The statement issued by the Indian foreign ministry states that an understanding has been reached due to the diplomatic channels remaining open over the weeks.

“In recent weeks, India and China have maintained diplomatic communication in respect of the incident at Doklam. During these communications, we were able to express our views and convey our concerns and interests,” the MEA press release said.

The MEA statement, however, does not mention whether there will be a return to the status quo of June 16, as demanded by both India and Bhutan. Nor does it say when the understanding for “disengagement” was reached or the implementation started.

By mentioning “sovereign rights” in its statement, China could be indicating that it will continue to have a presence in that region through a patrol team. However, this point was not explicitly addressed by the Chinese foreign ministry spokesperson.

In its June 30 statement on the stand-off, India had said that “such construction would represent a significant change of status quo with serious security implications for India”.

Thereafter, India had specified that the “security implications” would be on the location of the tri-junction boundary between India, China and Bhutan.

India claims the tri-junction at Batang La, while China marks it further south at Mount Gipmochi. By claiming a more southern tri-junction, Chinese troops would increase their proximity to the vulnerable ‘Chicken’s Neck’ (Siliguri Corridor) strip and raise India’s hackles.

The source for China’s claim over Doklam and the tri-junction at Mount Gipmochi is the 1890 convention signed between Great Britain and China’s Qing empire on the borders of Sikkim and Tibet.

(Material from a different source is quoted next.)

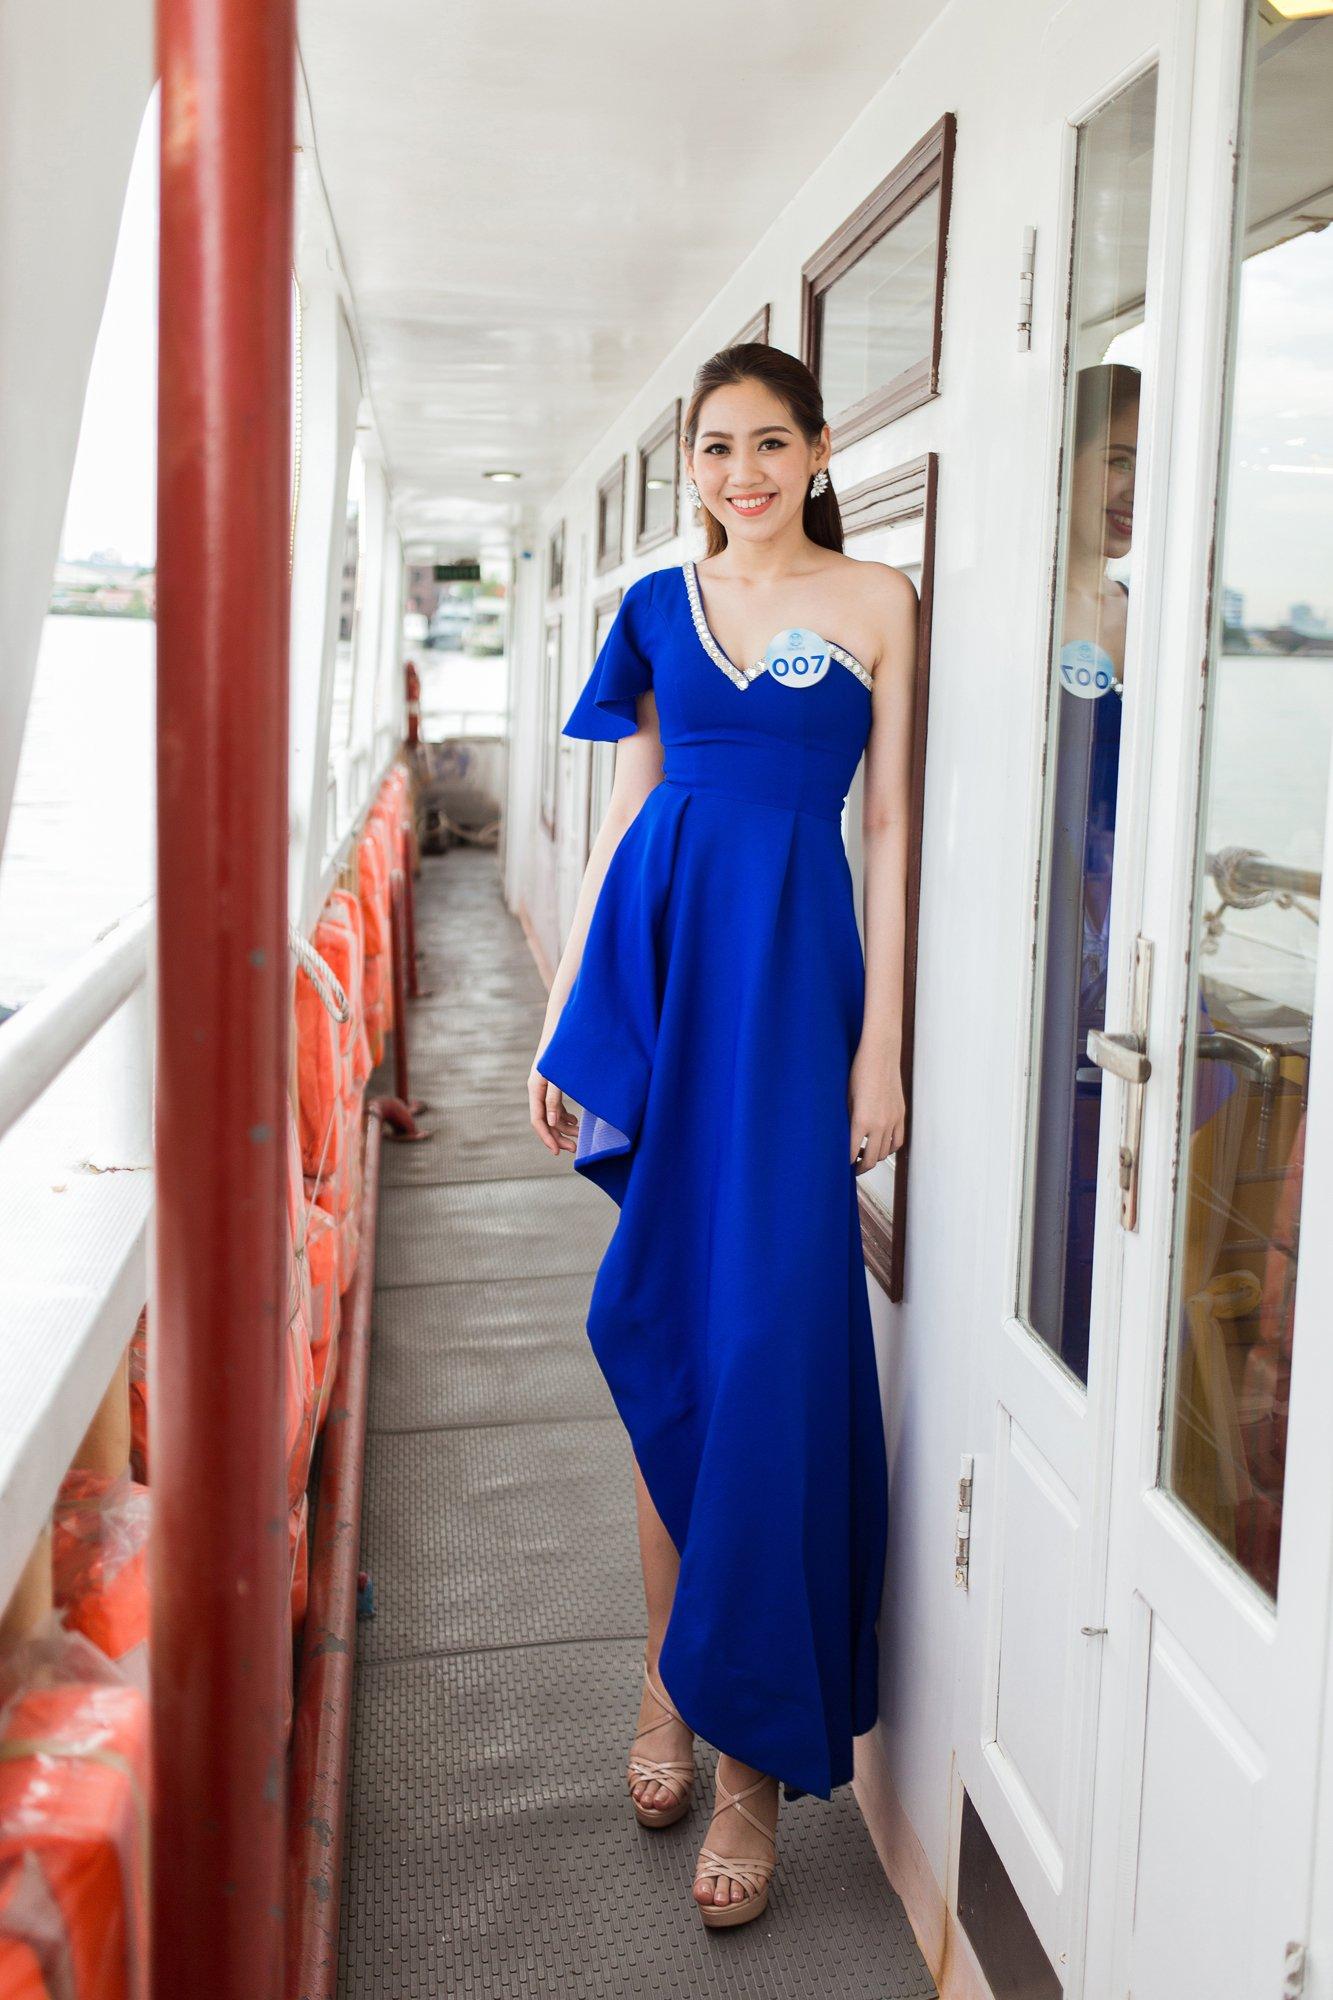 King Yacht Cruise đồng hành cùng Miss World Việt Nam 2019 - 3

During the last two months, Beijing had been waving the 19th century pact as the only basis for resolving the impasse at Doklam. The Indian side had, however, noted that the 1890 treaty’s watershed principle when applied to the ground situation at the border led to the tri-junction being located near Batang La. The Chinese were adamant that the second sentence in Article 1 of the 1890 convention had to be taken into account which only mentioned Mount Gipmochi.

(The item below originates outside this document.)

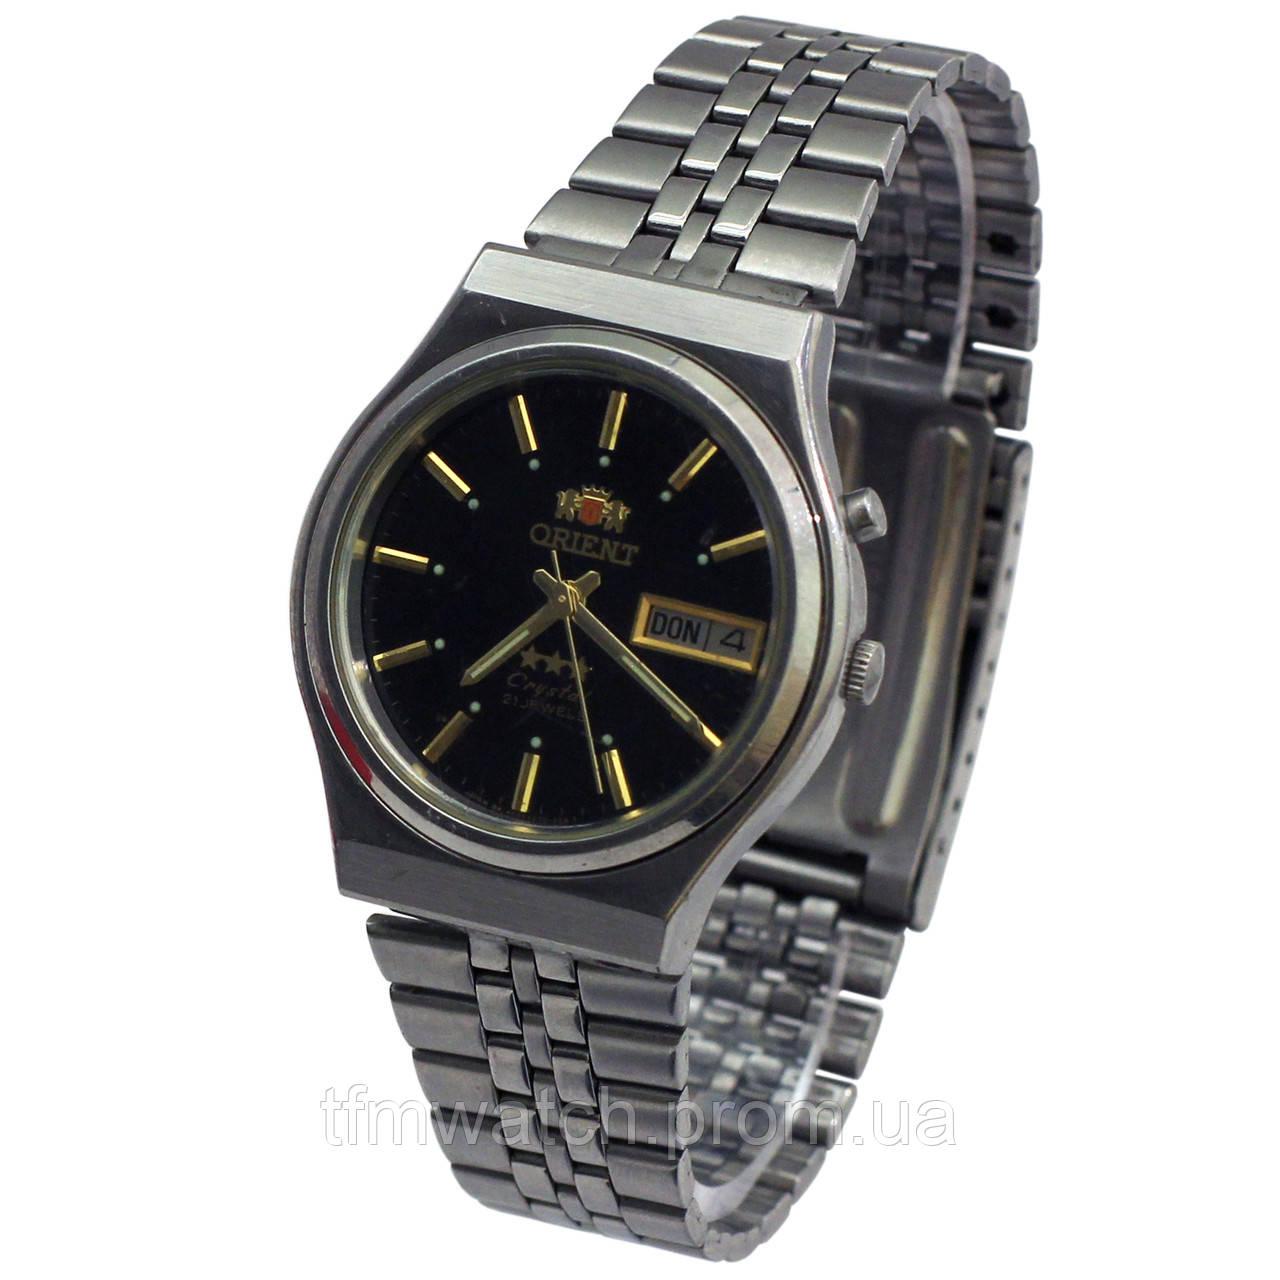 a0f090fb Часы Ориент с автоподзаводом - Магазин старинных, винтажных и антикварных  часов TFMwatch в России

The official Indian statement had also pointed out that India and China had reached an understanding in 2012 that the tri-junction would be finalised “in consultation” with all the three countries. Any attempts to “unilaterally determine” the tri-junction point – which India implied was the reason for the road construction – would be in “violation of the understanding,” asserted the statement.

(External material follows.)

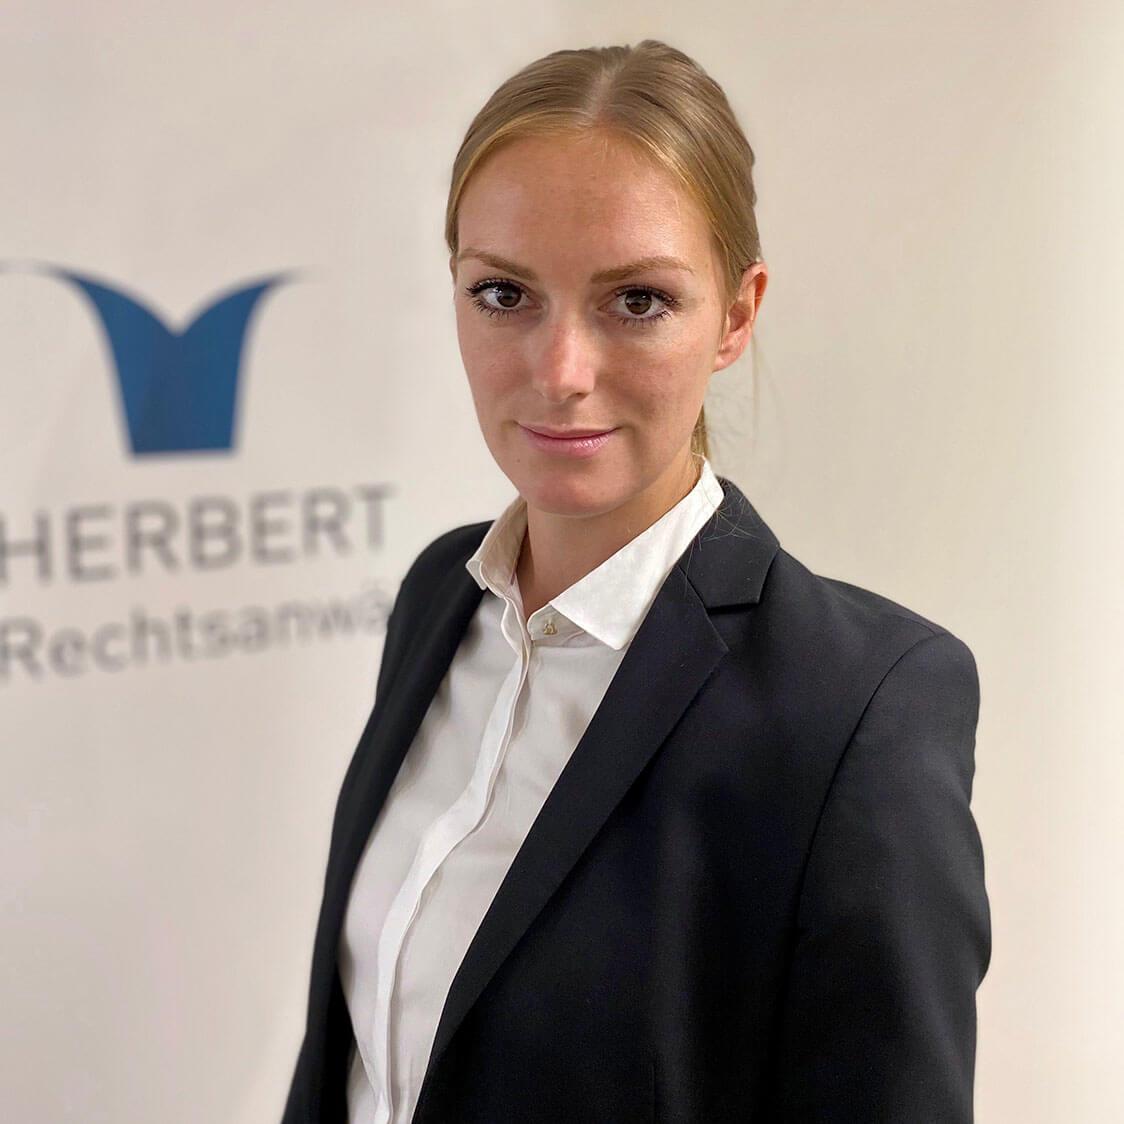 Lea Herbert - Rechtsanwältin - Herbert Rechtsanwälte Saarbrücken

According to Indian sources, while China had constructed roads in Doklam earlier, Chinese troops had never come this far south.

With the Chinese statement today implying that it will retain its presence in Doklam, it is not yet clear what this would mean for the 2012 understanding reached between the special representative and the status of the disputed territory. There is also no clear mention that the Chinese road construction team has been withdrawn.

There was also no mention of Bhutan in either the Indian or Chinese statements. The small Himalayan nation had been at the middle of the Chinese state media’s campaign that it was being “bullied” by India into supporting its position. India had said that Indian troops had entered Doklam in active coordination with Bhutanese authorities.